Volkswagen e-Golf (2014 – 2020) Review
Volkswagen e-Golf (2014 – 2020) At A Glance
Insurance Group 15
A few years ago, you had to be a die-hard early adoptor to buy an electric car. But they're gradually becoming more commonplace, and if there's one car that will truly take EVs to the mainstream, it's the ubiquitious Volkswagen Golf. The electrically-powered version of the Golf offers the same formula of practicality, quality and refinement as the rest of the Golf range, but with the big advantage of no emissions and no need to ever put fuel in it.
Instead you only need to plug in the e-Golf to charge it up. Using a wallbox, a full charge from empty to maximum can be done in a little over five hours. With the electric charging network in the UK ever expanding, there are now far more charging points available at supermarkets, shopping centre car parks, railway stations and motorway services.
Of course the worry with any electric vehicle is that you will run out of power, miles away from a charging point. But with a realistic range of around 120 miles this is less of a worry with the e-Golf. Of course it's not a car that will suit everyone - but for many people who do even a reasonable distance commute, the e-Golf could make sense as an every day car.
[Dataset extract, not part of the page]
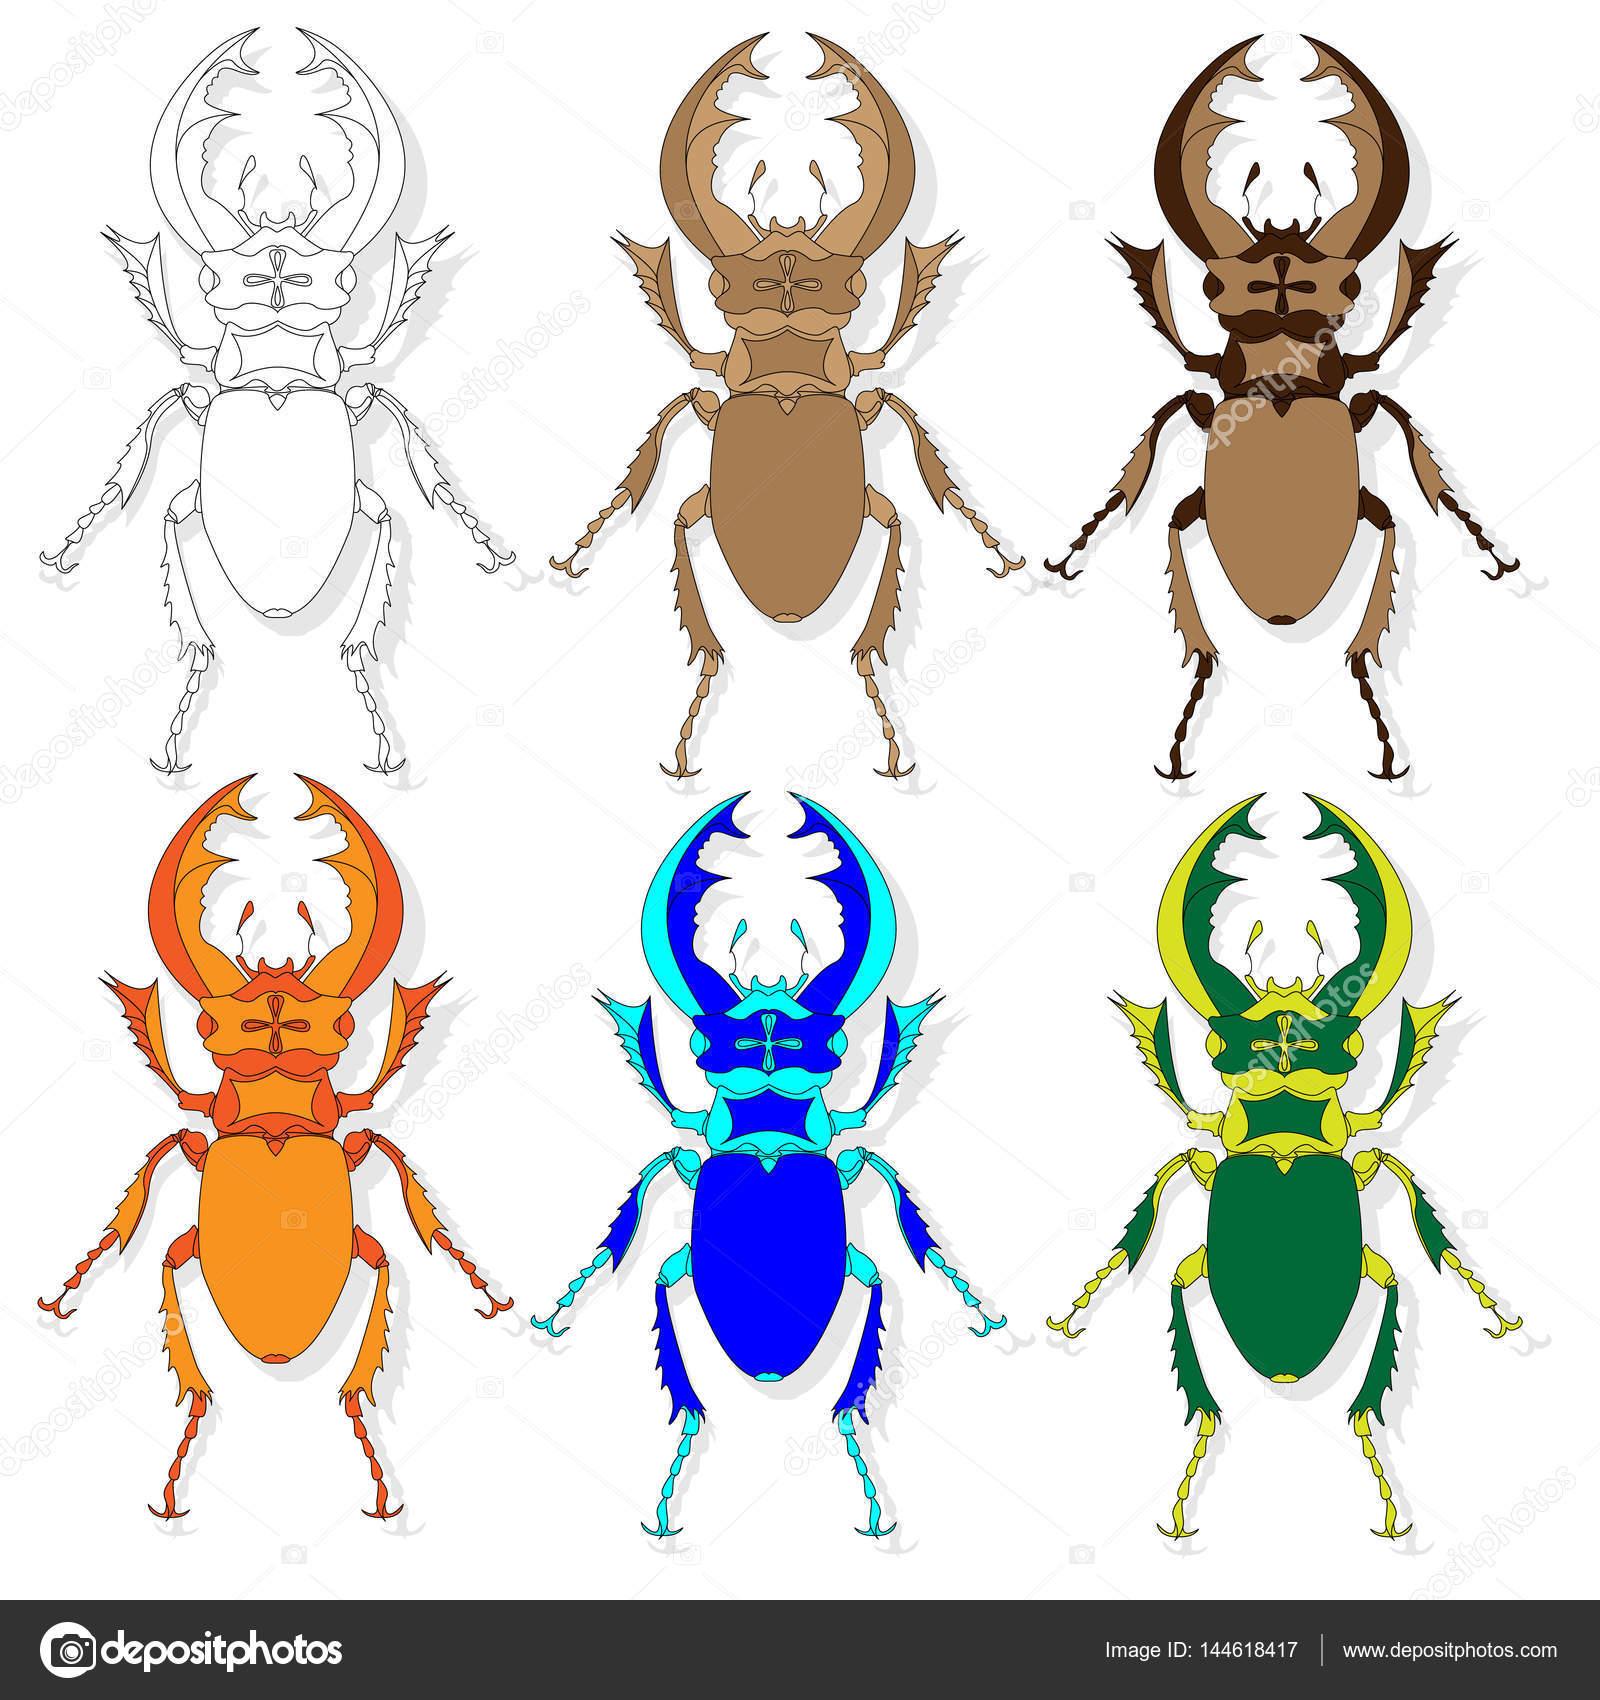 Käfer. Hand gezeichnete Skizze — Stockvektor © alekseyk1975 #144618417

It drives well too. This is no slow eco-special, instead it feels as rapid as a turbocharged petrol Golf. The power figures are reasonable with 136PS and 290Nm of torque, but what makes all the difference is that all the torque is available from a standstill, making the e-Golf a rocket at the lights. From 0-30mph it is effortlessly fast and really enjoyable to drive, even beyond the novelty factor.
It's just as good on larger roads with strong pace on the move. It's incredibly easy to drive with a single-speed gearbox plus there are clever regenerative braking modes which, although slightly disconcerting at first, make driving in town much easier.
The one sticking point is the price: the e-Golf costs £28,230 after the government electric car grant of £4500, about the same as a Golf GTD. However, the BMW i3 is only marginally more expensive and has more power, albeit with a slightly shorter range. At least its relative age now means that it's one of the cheapest electric cars worth buying - it's relatively affordable on the used market.
What the Golf does have on its side is familiarity. It's very easy to get to grips with as, bar some different instrument dials, it's very much like any other Golf from behind the wheel. For those who want an electric vehicle without anything weird or wacky, the e-Golf has a lot of appeal.